Vereine irritiert – Verwaltung wartet ab
Schwebende Kunstrasen-Diskussion

Greven -

Die Europäische Union will das Plastik-Granulat auf Kunstrasen-Fußballplätzen verbieten, weil es als Mikroplastik Flüsse belastet. Die Stadtverwaltung wartet auf den endgültigen Beratungsprozess.

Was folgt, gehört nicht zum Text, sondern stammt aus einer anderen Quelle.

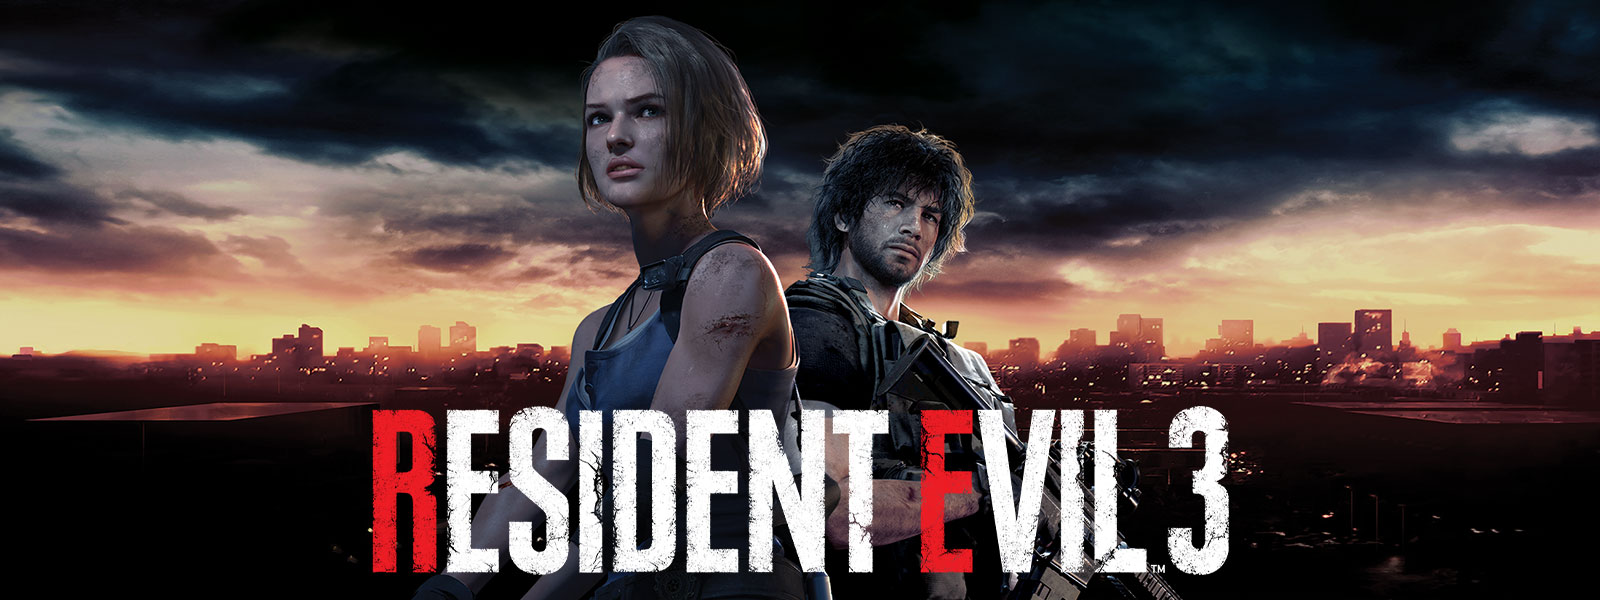 Resident Evil 3, Jill Valentine und Carlos Oliveira stehend, mit der Skyline von Raccoon City im Rücken
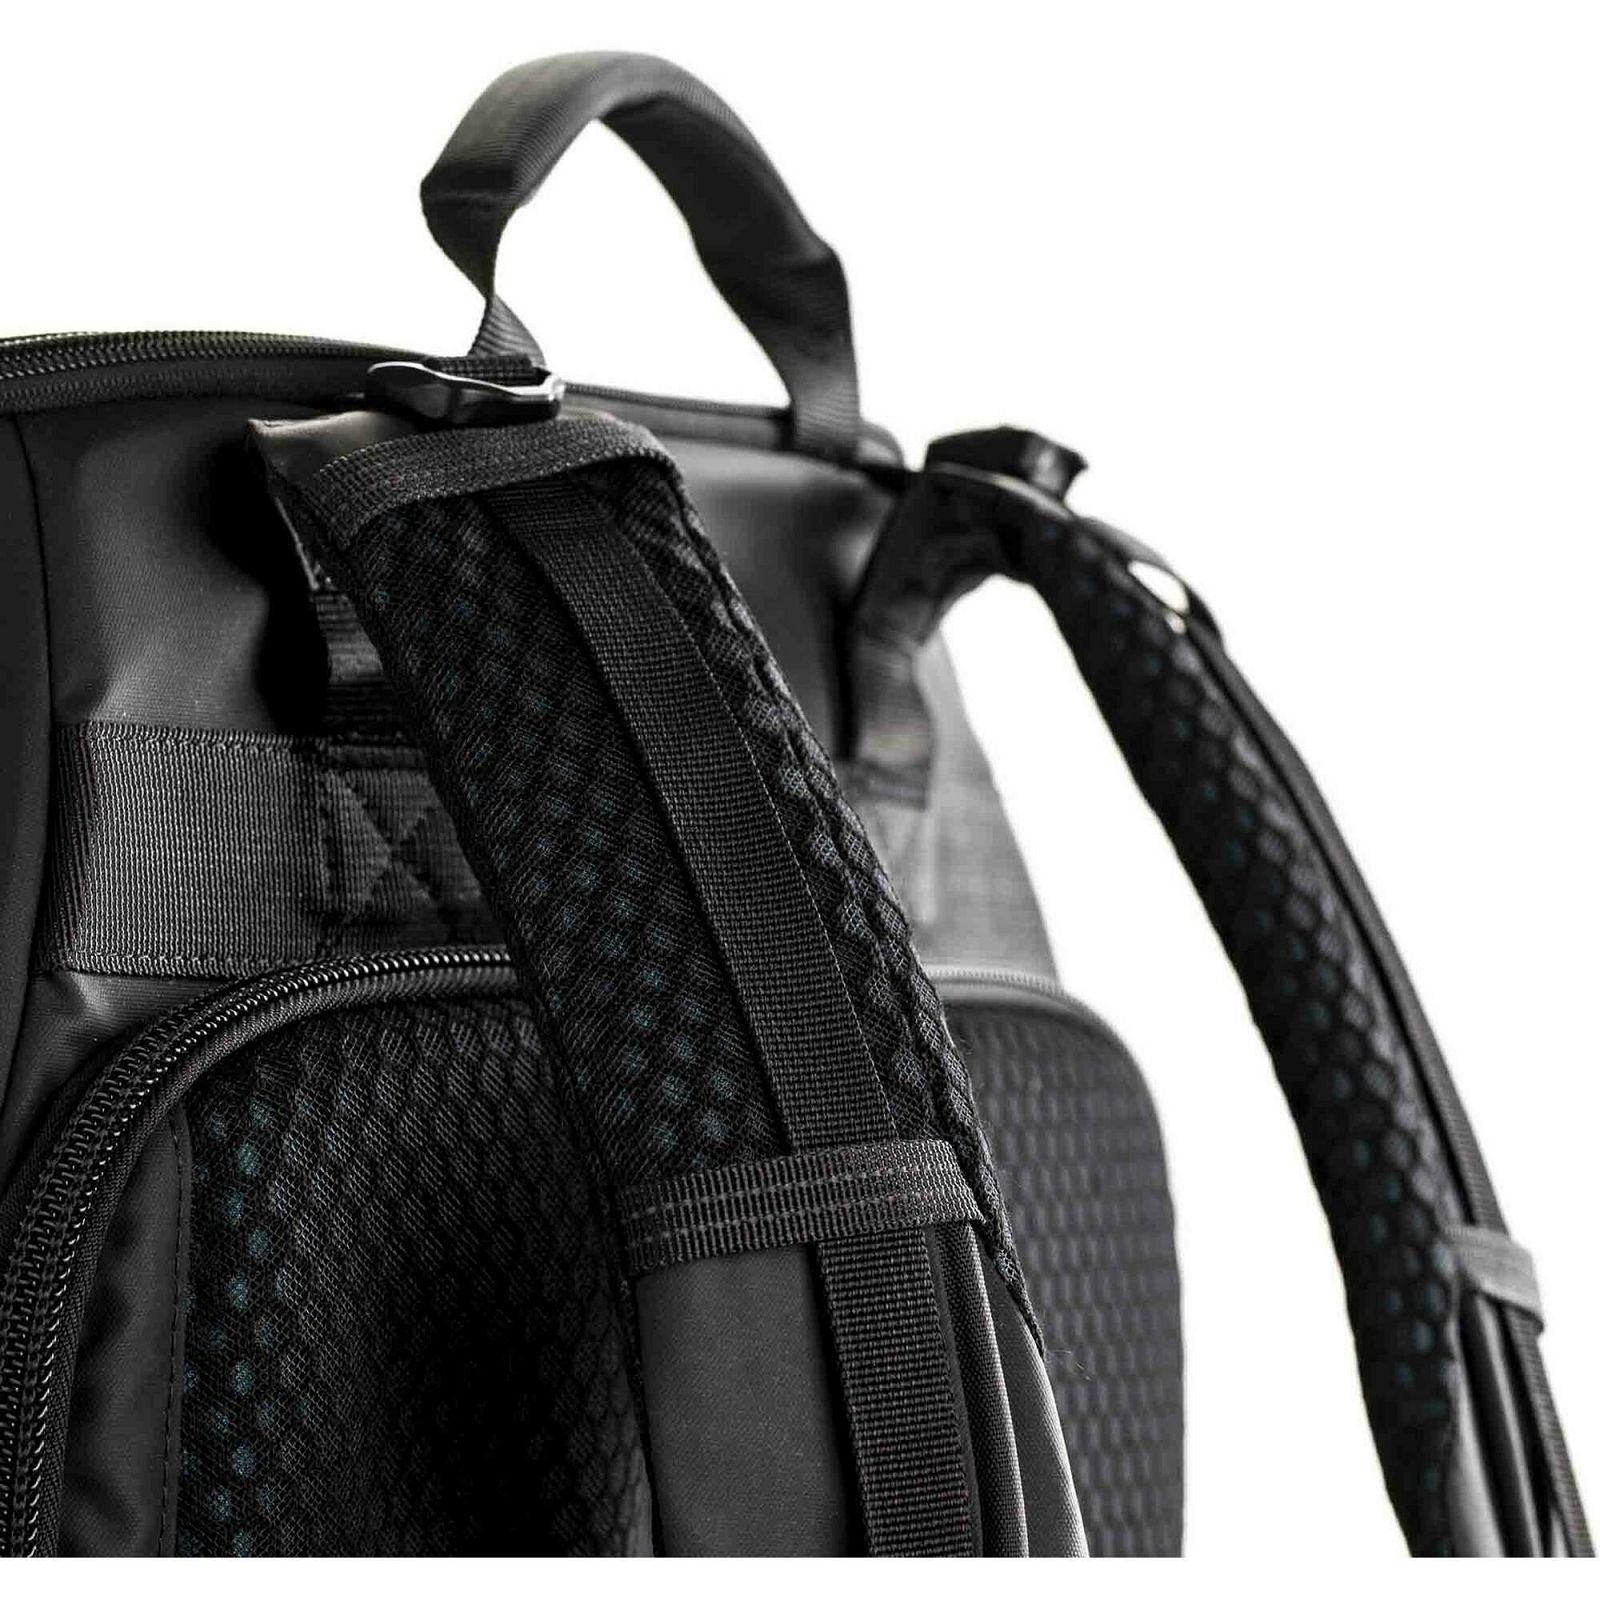 Tenba Axis v2 32L Backpack MultiCam Black
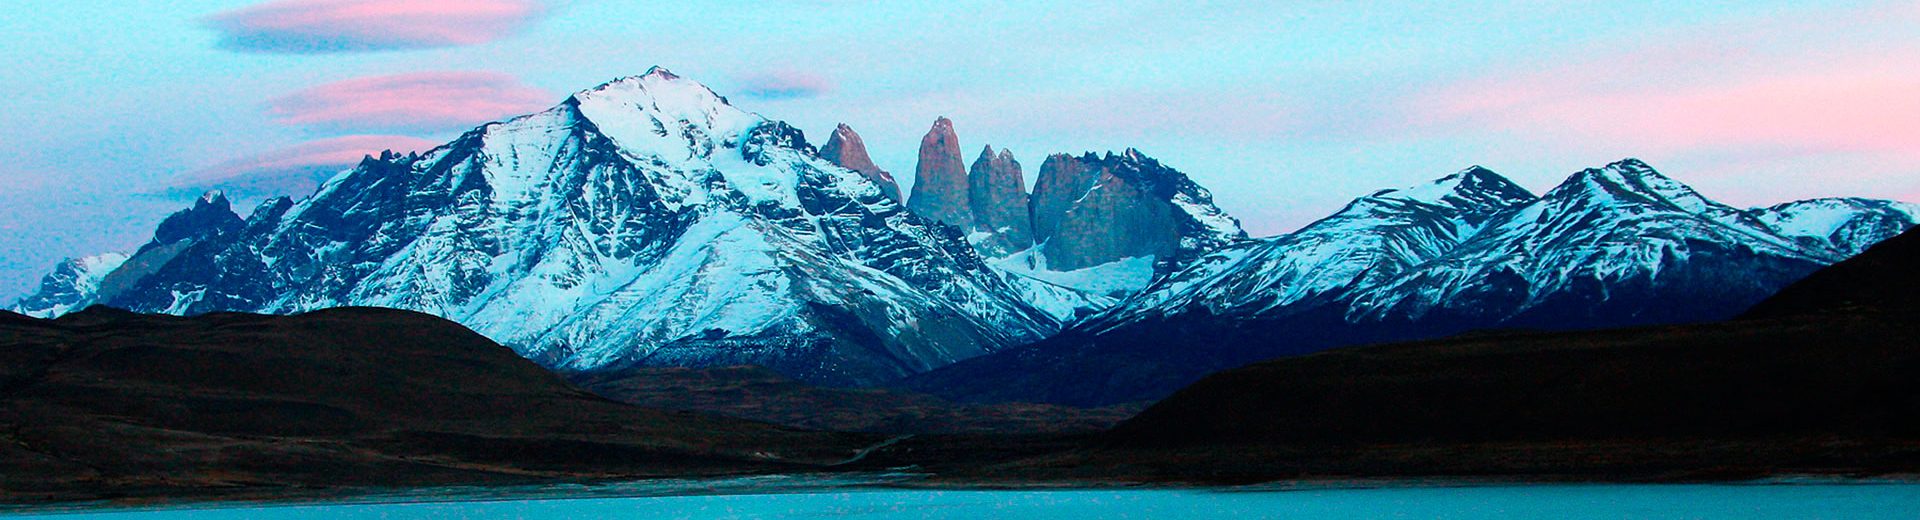 Uma das belas paisagens encontradas no Circuito W de Torres del Paine

Montag, 22.07.2019, 17:58 Uhr
Kunstrasen mit dem falschen Beleg könnte Probleme mit der EU bekommen.
Kunstrasen mit dem falschen Beleg könnte Probleme mit der EU bekommen. Foto: Christian Charisius

Die DJK hofft auf die Fortführung der Baumaßnahme, der SC Reckenfeld baut einen Kunstrasen. Und die 09er hoffen auf eine Kunstrasen-Erweiterung ihres Trainingsgeländes. Schlecht, dass derzeit im Blätterwald überall die Rede davon ist, dass die Europäische Union das Plastik-Granulat verbieten will, weil es als Mikroplastik Flüsse und Meere belastet. Frank Hänel, der Mann für den Sport in der Verwaltung, meint: „Wenn man die Nachrichten liest, kann man nervös werden.“ Doch die Verwaltung wartet auf den endgültigen Beratungsprozess.

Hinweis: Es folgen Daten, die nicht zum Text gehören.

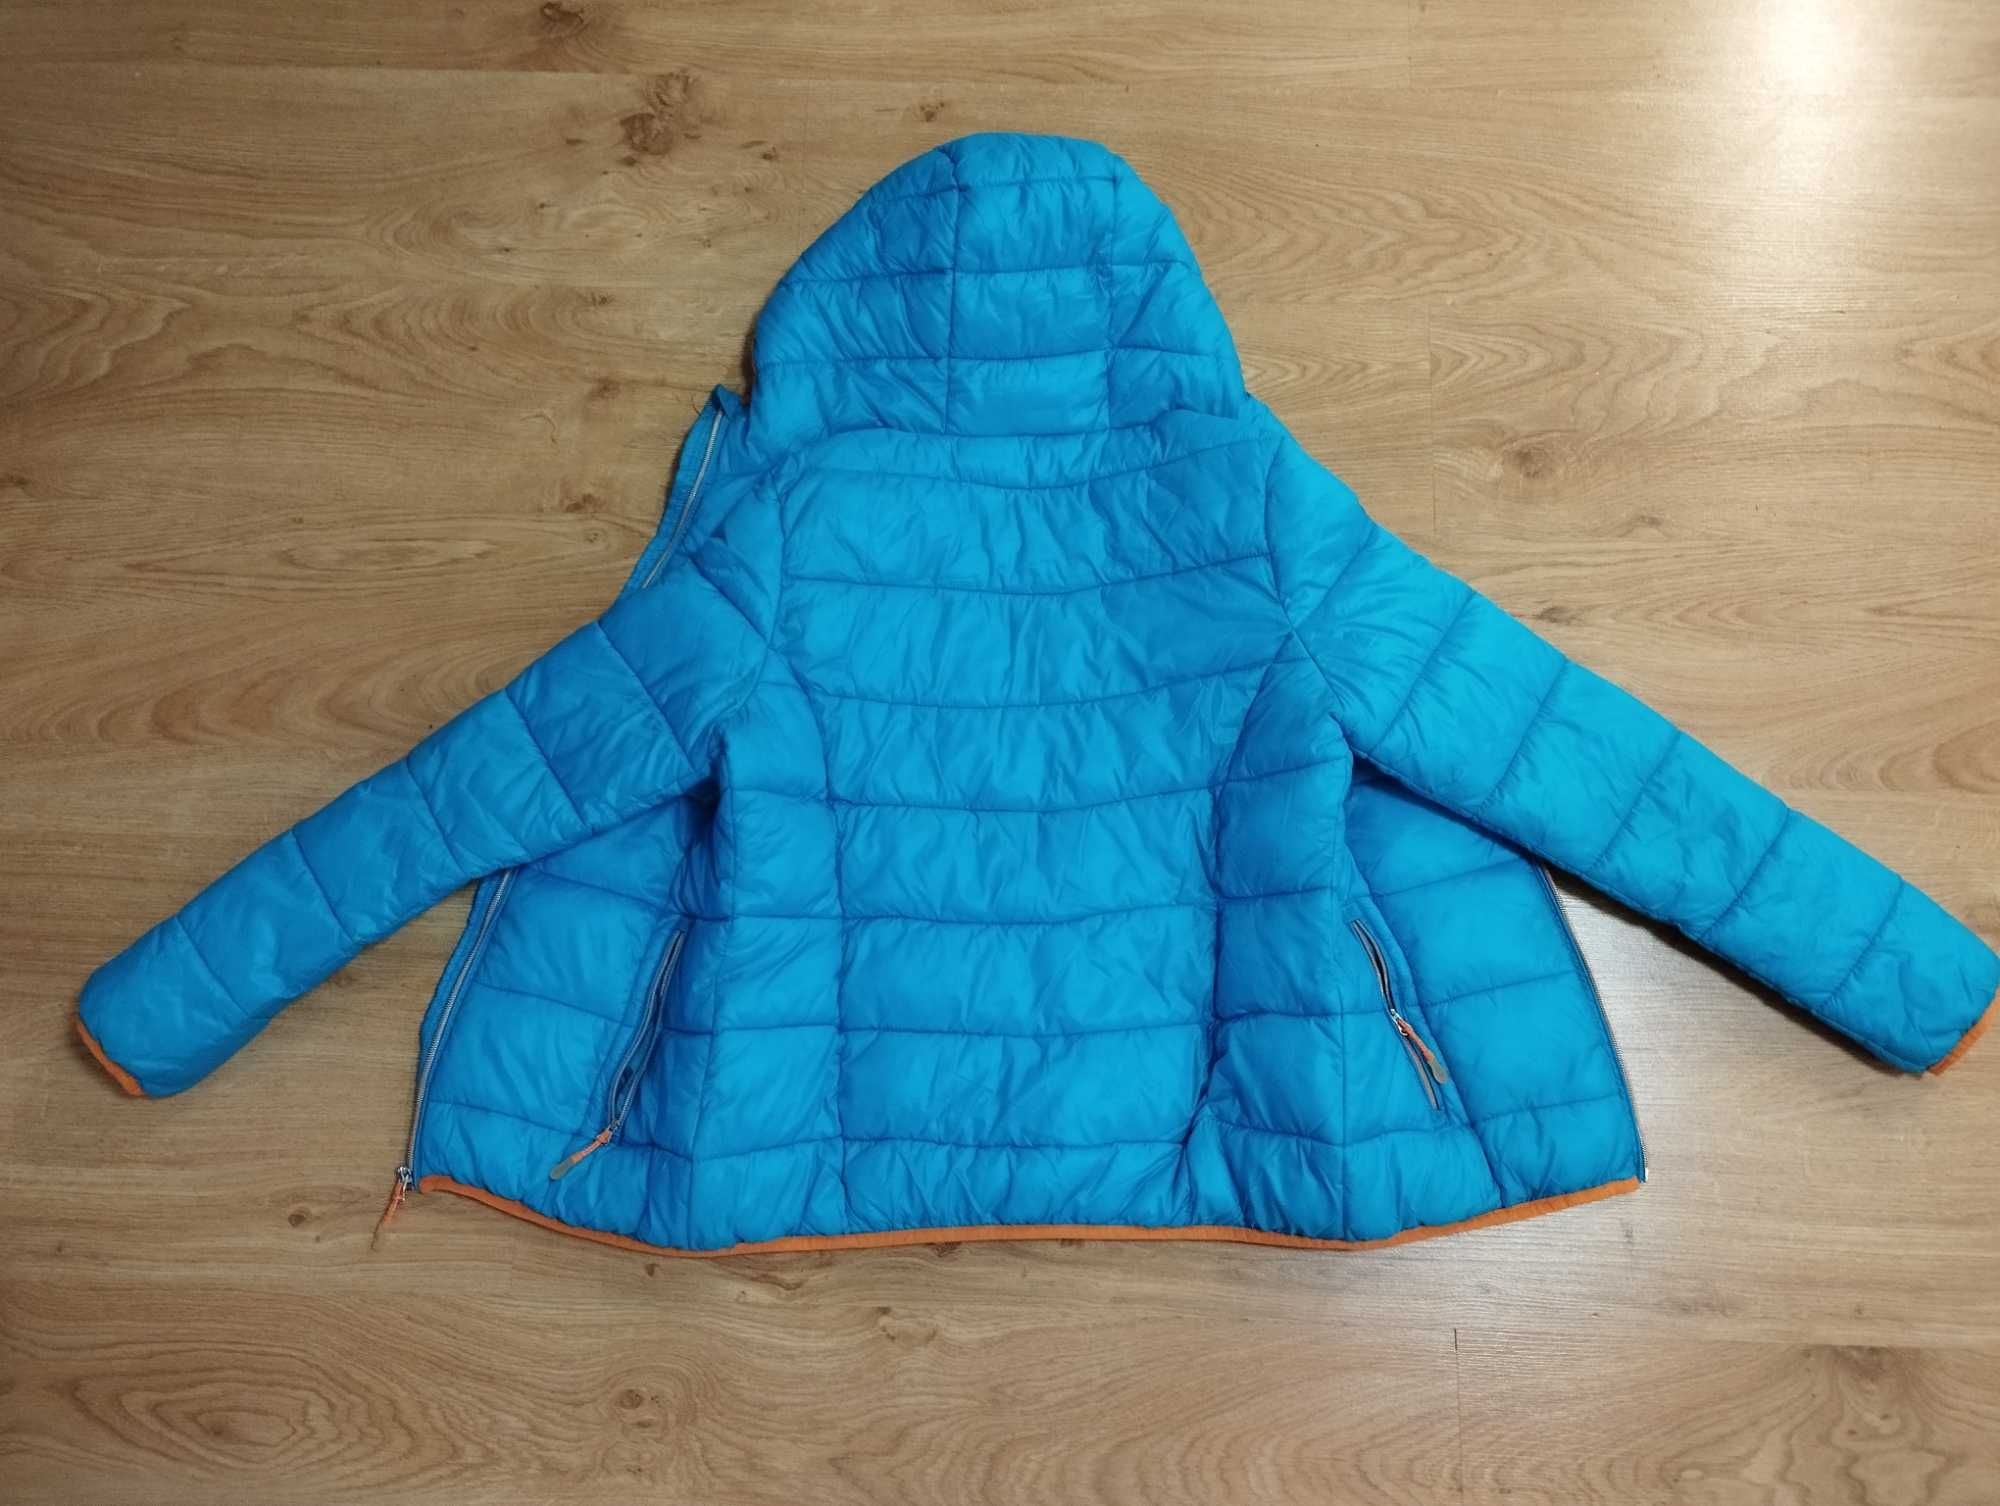 Damska kurtka puchowa w kolorze turkusowym, rozmiar M

Auf Anfrage dieser Zeitung erklärte jedenfalls ein Sprecher des Bundesumweltministeriums in Berlin: „Es kursieren gerade einige Missverständnisse.“ 

Ob die EU-Kommission ein Verbot von Plastik-Einstreumaterial für Kunstrasensportplätze vorschlagen werde, steht noch längst nicht fest. Die Europäische Chemikalienagentur (ECHA) sei derzeit in einer frühen Phase der Meinungsbildung zum Thema Mikroplastik und sammele Informationen und Einschätzungen zum Thema ein. Der Sprecher: „Jede und jeder kann sich hier einbringen. Wir fordern die Sportverbände deshalb auch auf, ihre Argumente in diese Anhörung einfließen zu lassen.“ 

Wichtig zu wissen sei, dass es der ECHA ausschließlich um den Neueintrag oder das Nachfüllen von Kunststoffgranulat geht – und nicht wie teils vermutet um den Abriss bestehender Sportplätze. Auch stehe nicht der Kunstrasen selbst im Fokus, sondern nur das Granulat. Dafür stünden als Ersatz aber offenbar bereits Alternativen zur Verfügung.  

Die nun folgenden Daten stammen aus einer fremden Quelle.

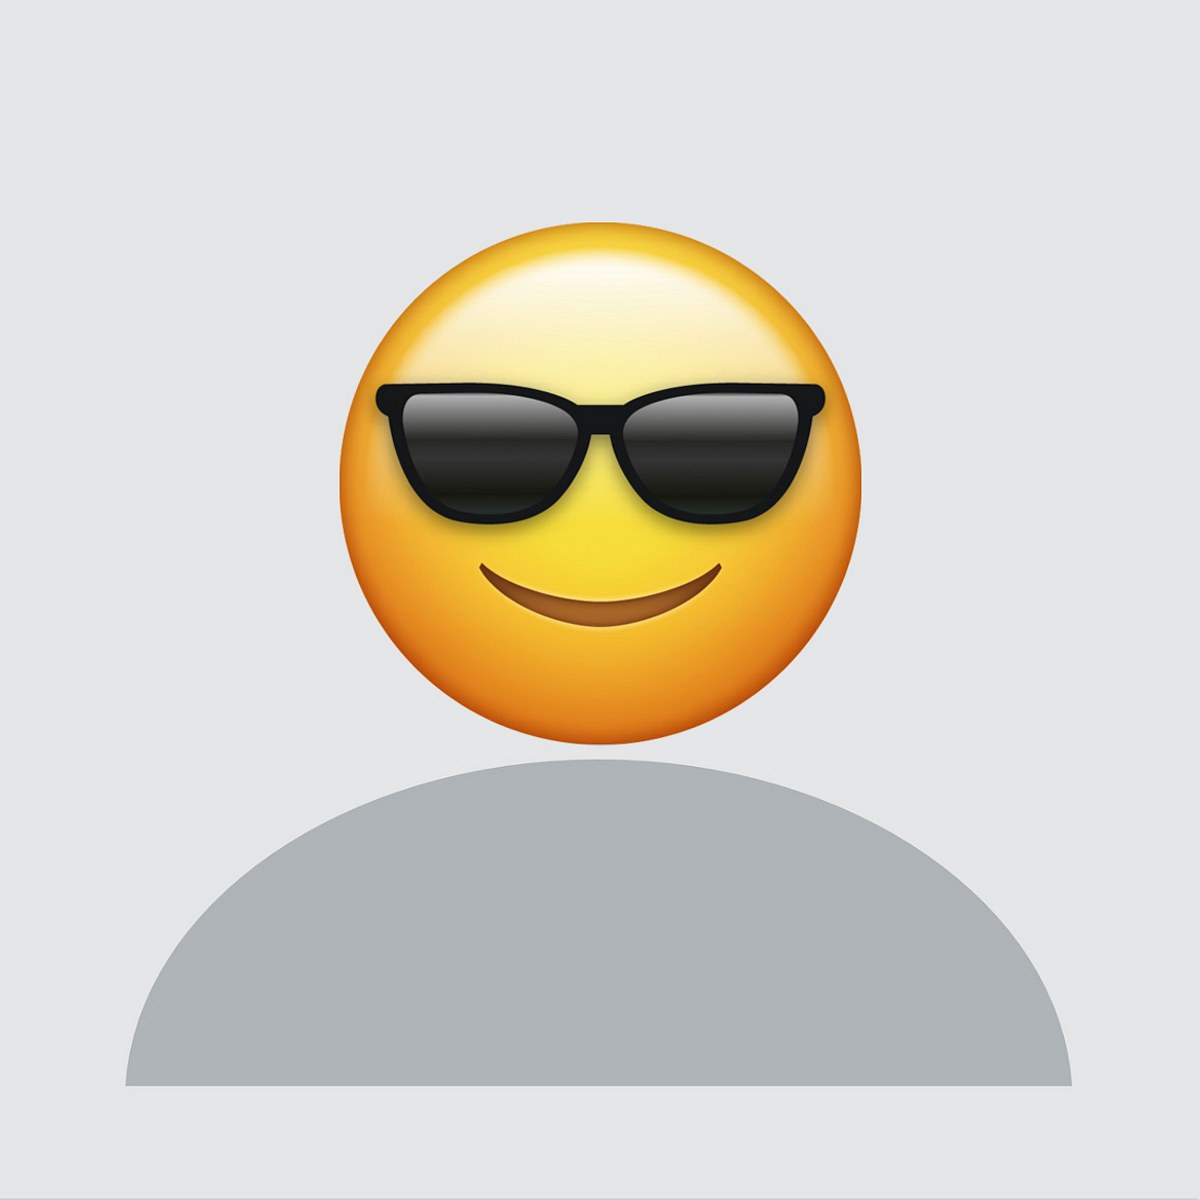 Profilbilder lustig: Pimpe dein Kein Foto verfügbar-Bild mit Emojis

Wie es weitergeht: Im Anschluss an die öffentliche Konsultation beginnen die fachlichen Prüfungen. Ein Ausschuss wird sich mit der Risikobewertung für Verbraucher, Arbeitnehmer und Umwelt beschäftigen. Der andere Ausschuss arbeitet speziell zu den sozioökonomischen Folgen, also zum Beispiel auch den Folgen für den Sportbetrieb. Auf der Grundlage dieser könne dann die EU-Kommission einen Regulierungsvorschlag machen. Erst ein solcher Vorschlag würde dann von den Mitgliedstaaten beraten.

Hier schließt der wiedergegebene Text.